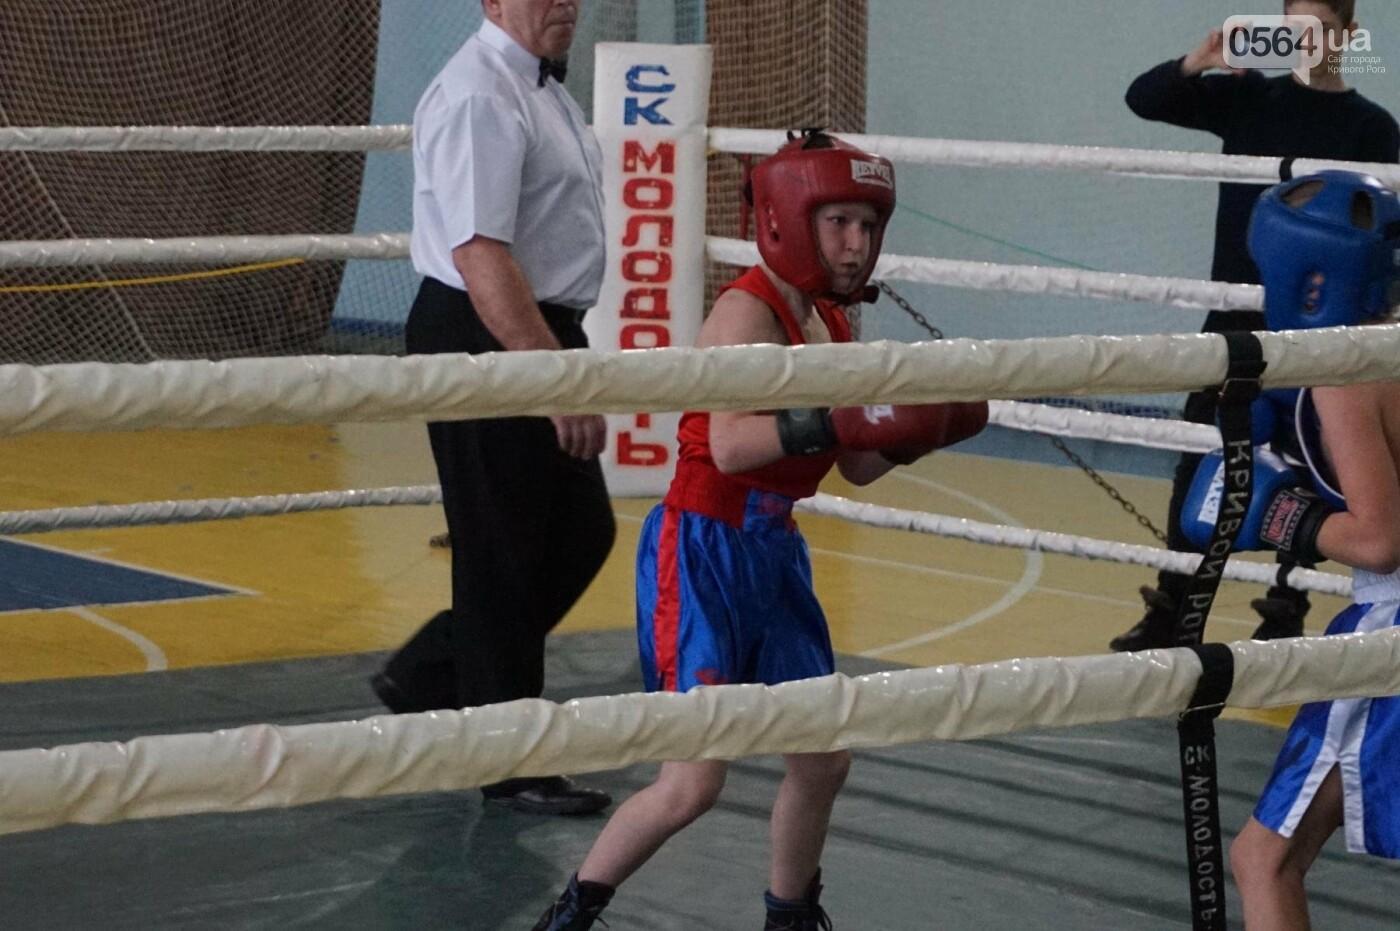 В Кривом Роге состоялся Международный турнир по боксу (ФОТО, ВИДЕО), фото-37
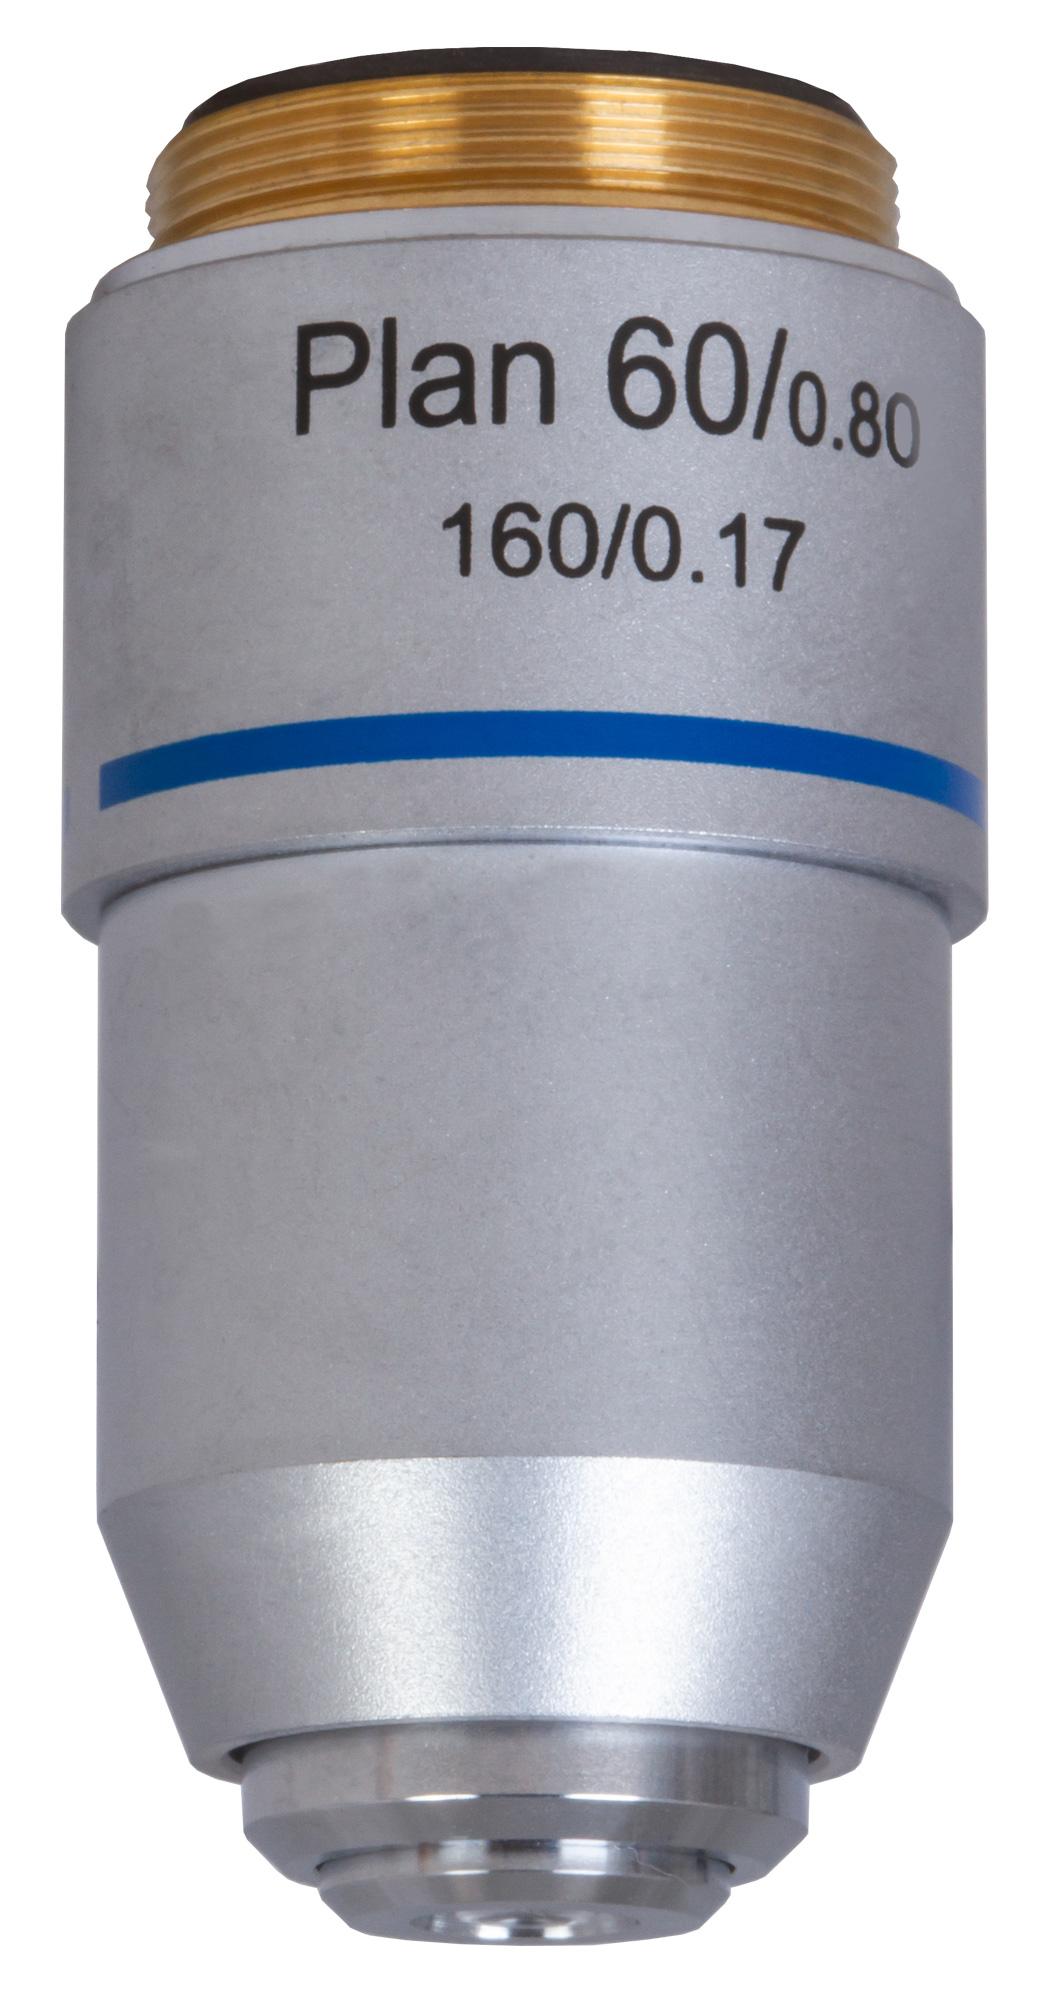 Картинка для Объектив планахроматический Levenhuk (Левенгук) MED 60x
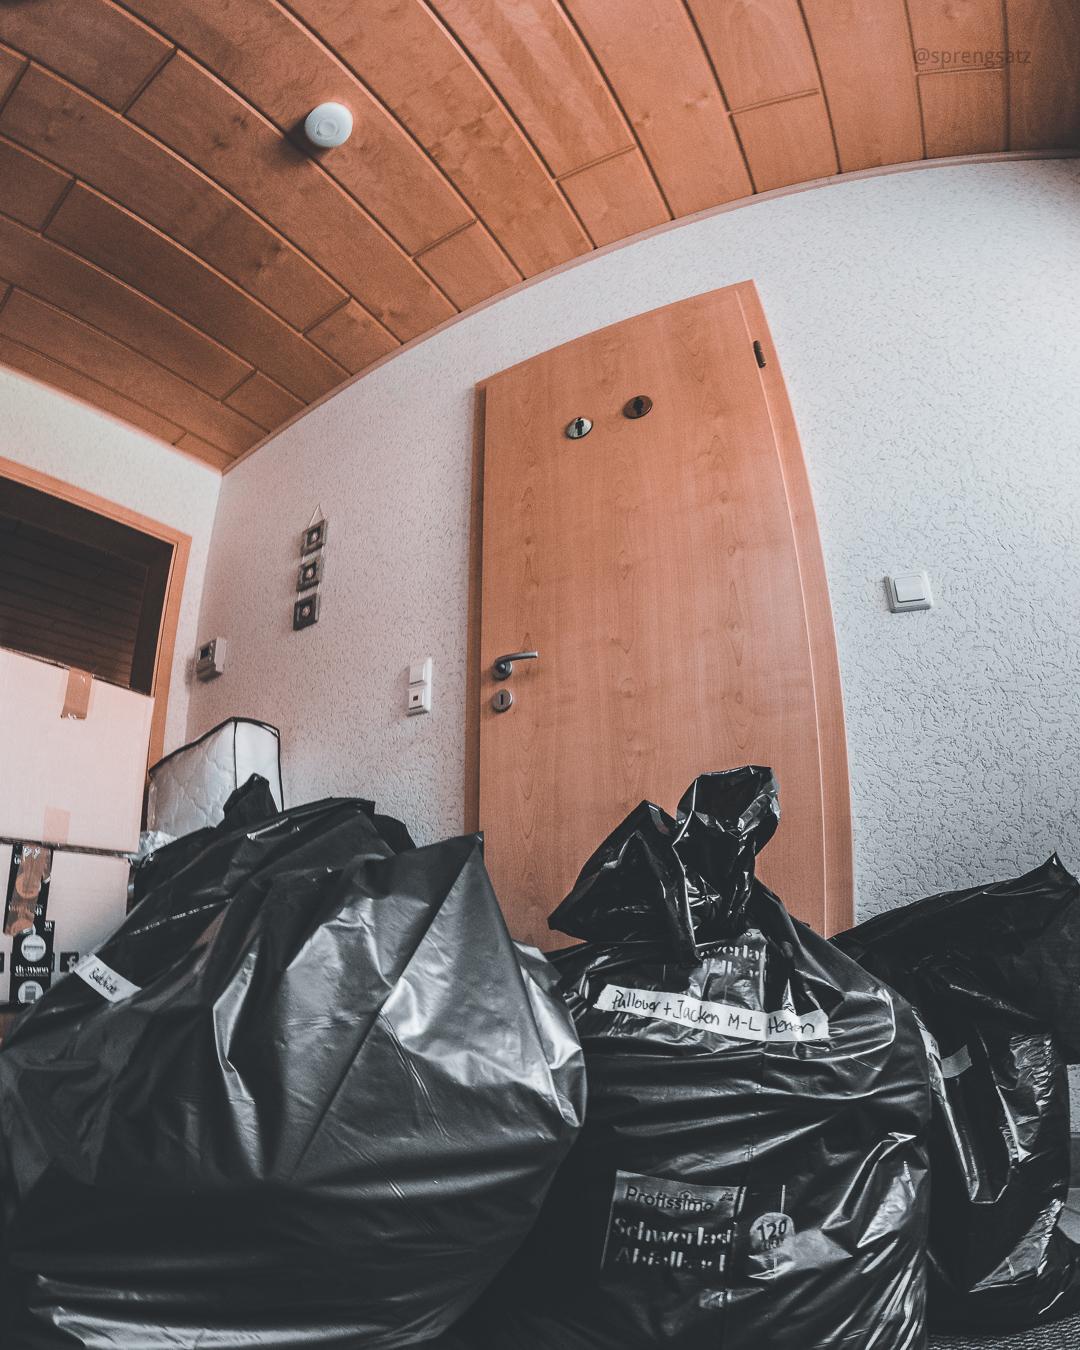 Sammlung von Sachspenden für die Betroffenen der Hochwasserkatastrophe im Juli 2021 in Rheinland-Pfalz und Nordrhein-Westfalen

+---+

Task:
Apart from the images, retype the full material exactly as written.

Task response:
 В Кривом Роге состоялся Международный турнир по боксу (ФОТО, ВИДЕО), фото-37
 Картинка для Объектив планахроматический Levenhuk (Левенгук) MED 60x
 Sammlung von Sachspenden für die Betroffenen der Hochwasserkatastrophe im Juli 2021 in Rheinland-Pfalz und Nordrhein-Westfalen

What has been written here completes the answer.